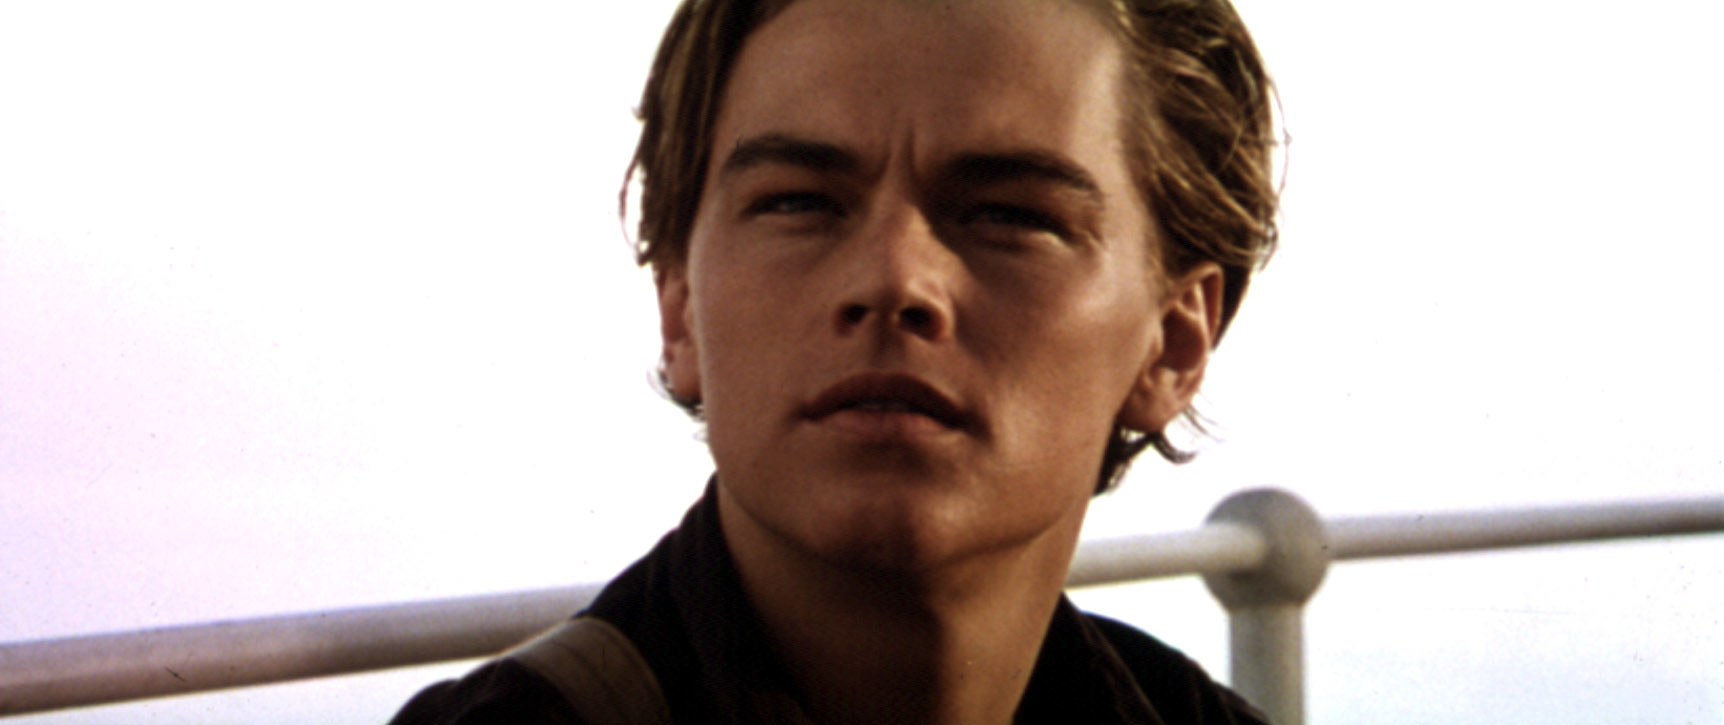 Leo DiCaprio as Jack
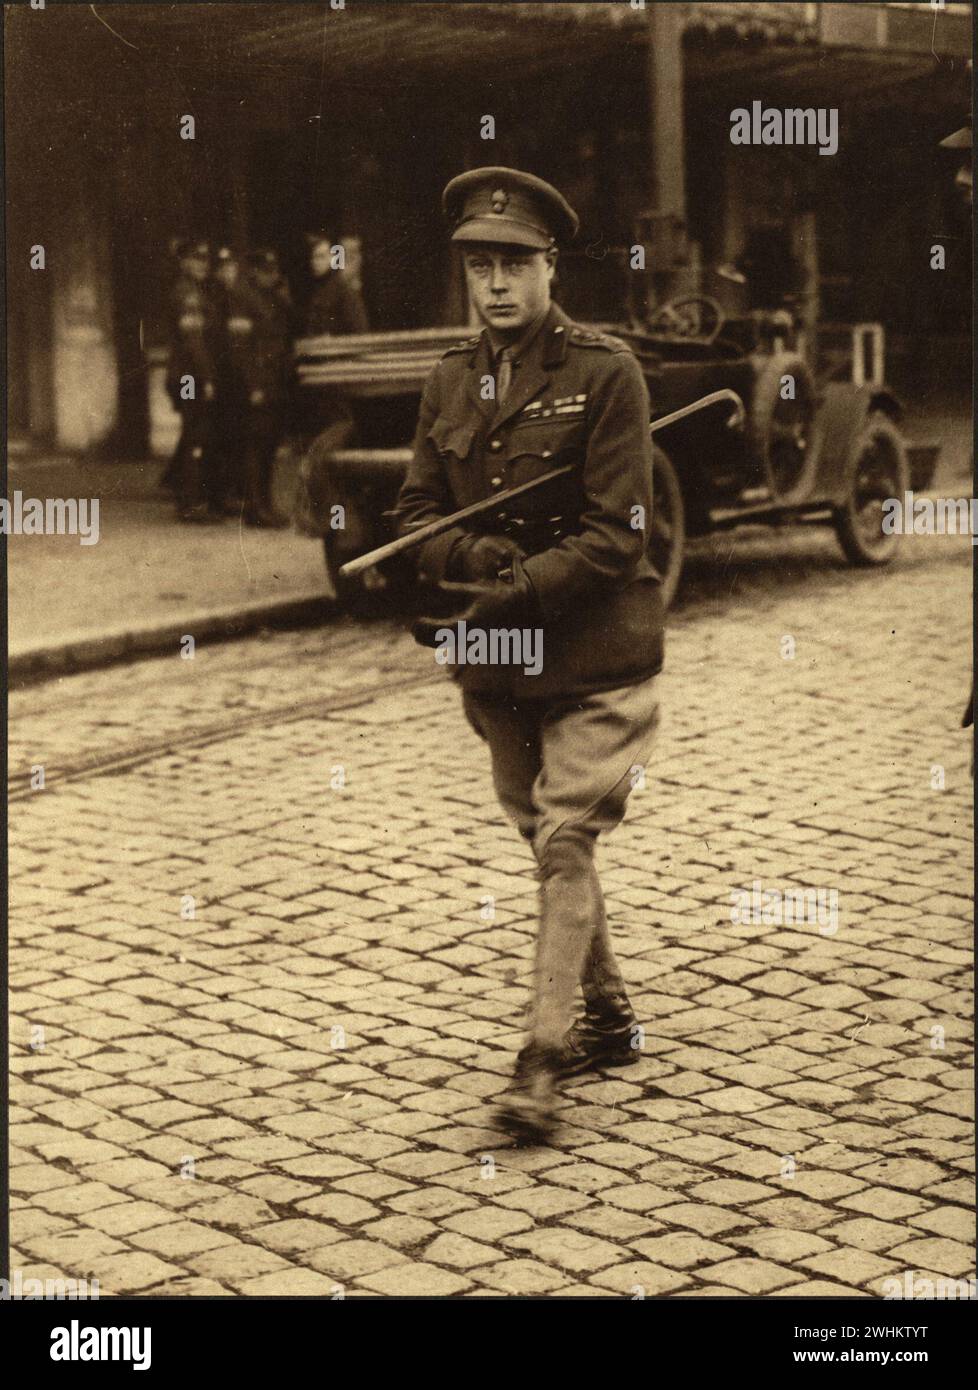 Sua altezza reale il Principe di Galles fa una passeggiata a Mons in visita alle truppe canadesi. Immagini delle forze canadesi nella prima guerra mondiale Francia 1918 Foto Stock
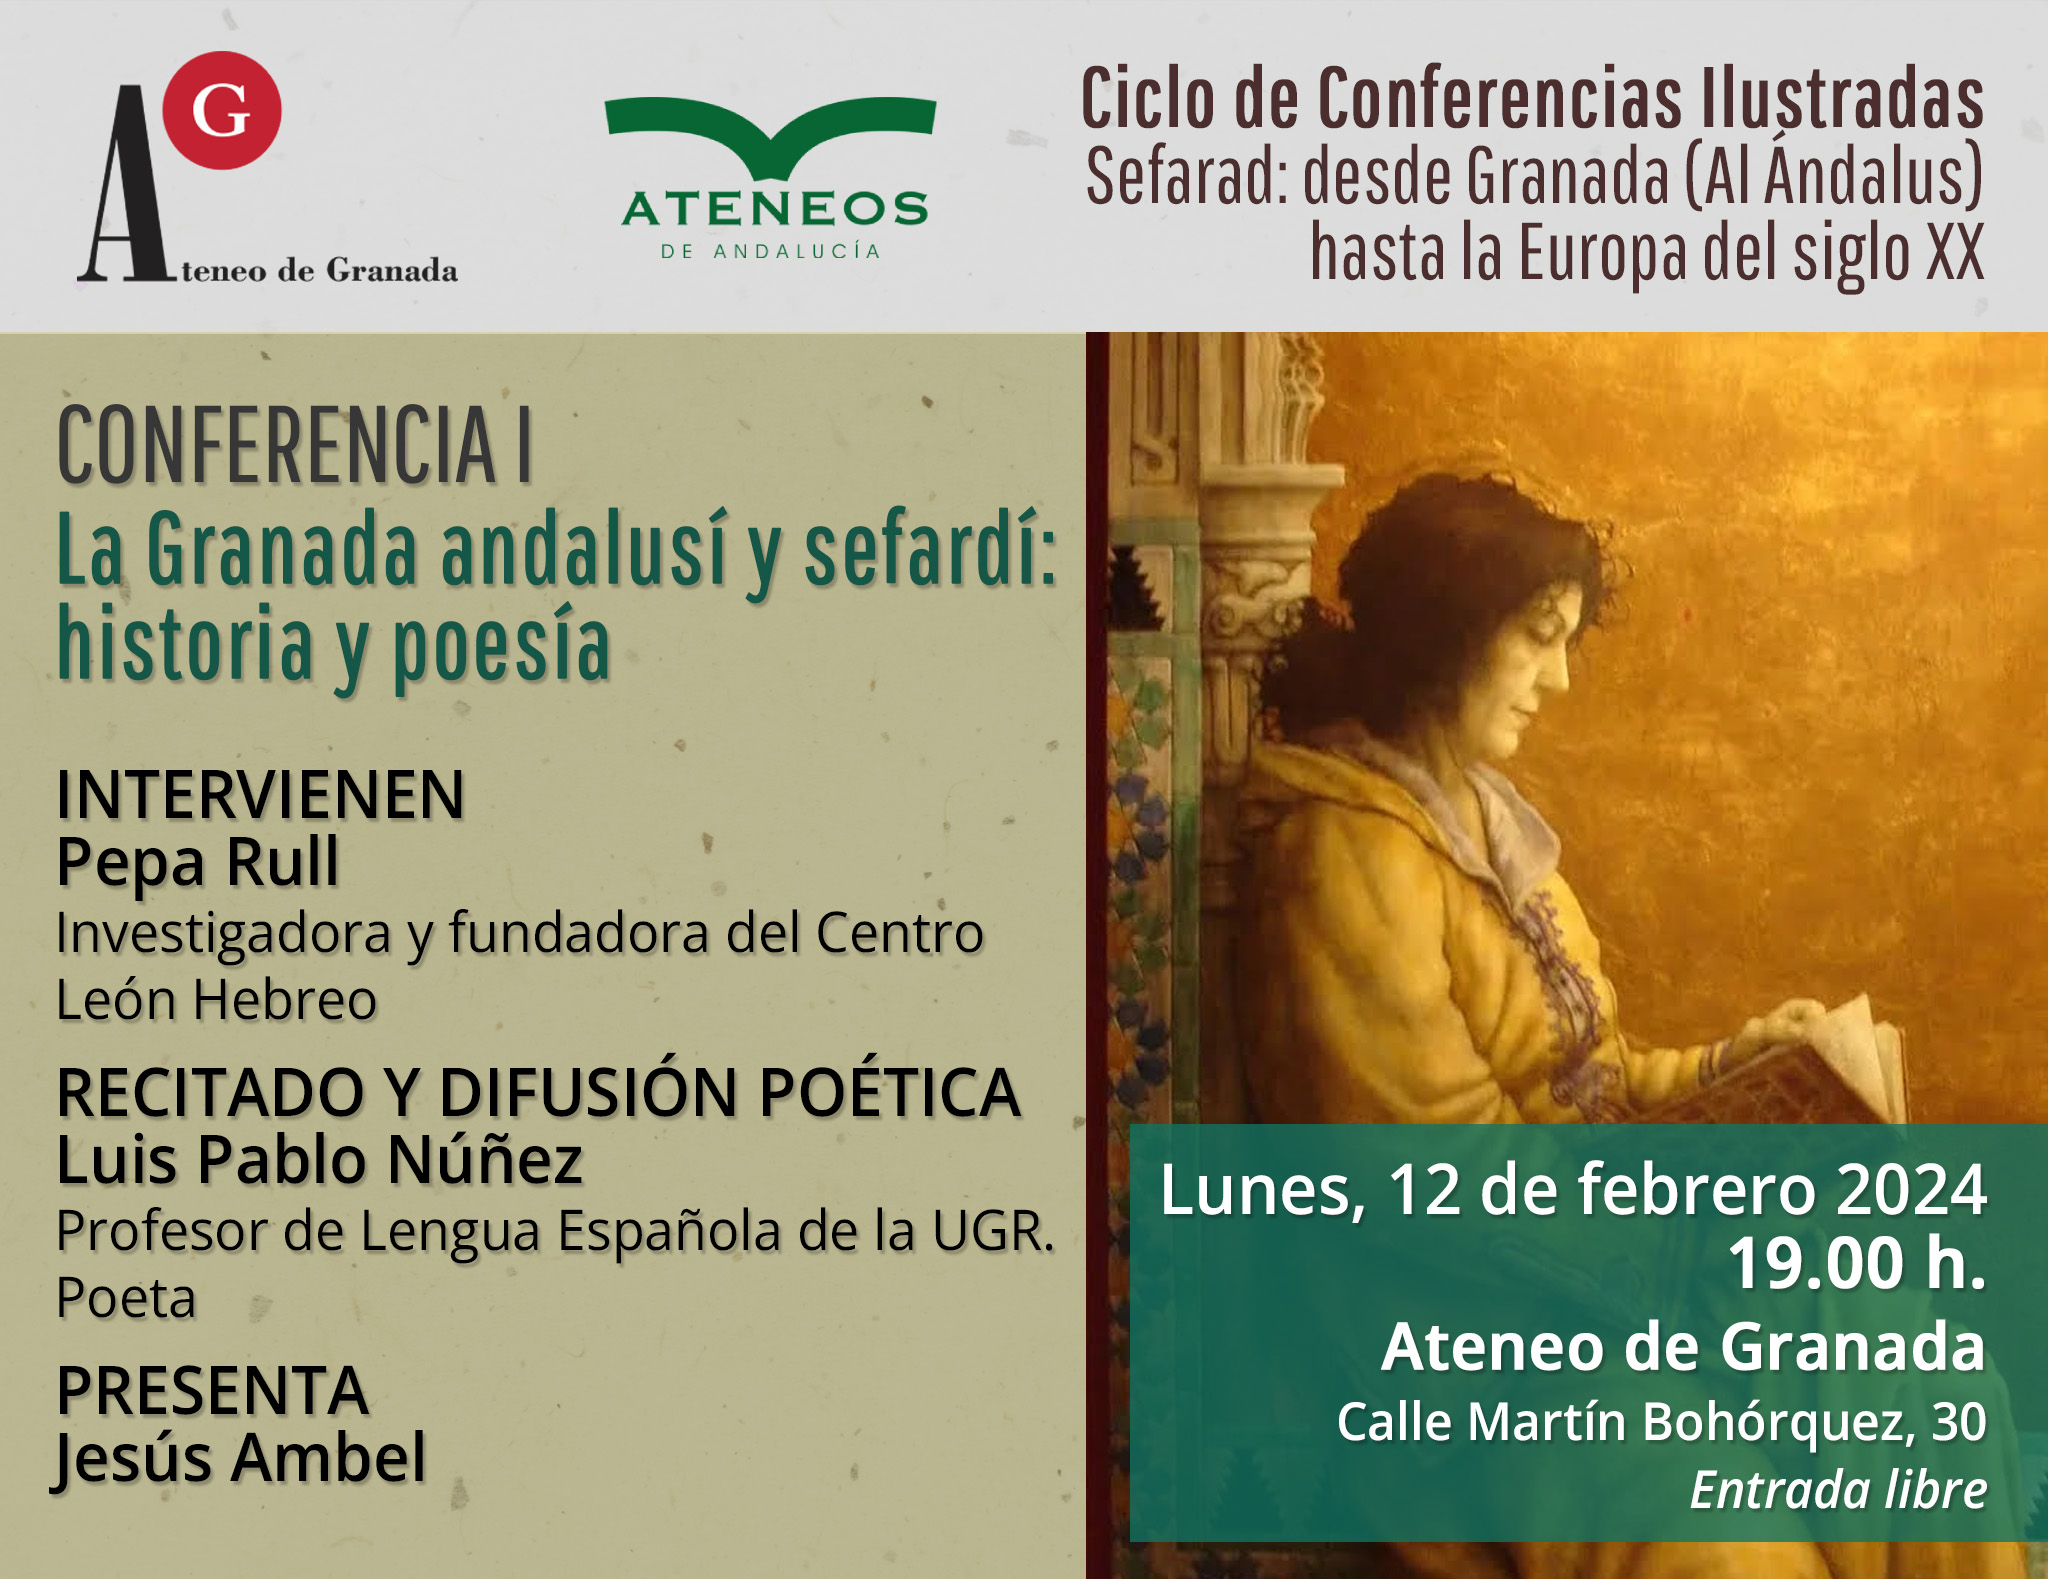 Conferencia | La Granada andalusí y sefardí

☆ ☆ ☆ ☆ ☆ ☆ ☆

» **EXERCISE AIM**
Where a line contains "Sua altezza reale", begin there and set down exactly each line through the end of the data above, omitting any pictures.

» **EXERCISE SOLUTION**
 Sua altezza reale il Principe di Galles fa una passeggiata a Mons in visita alle truppe canadesi. Immagini delle forze canadesi nella prima guerra mondiale Francia 1918 Foto Stock
 Conferencia | La Granada andalusí y sefardí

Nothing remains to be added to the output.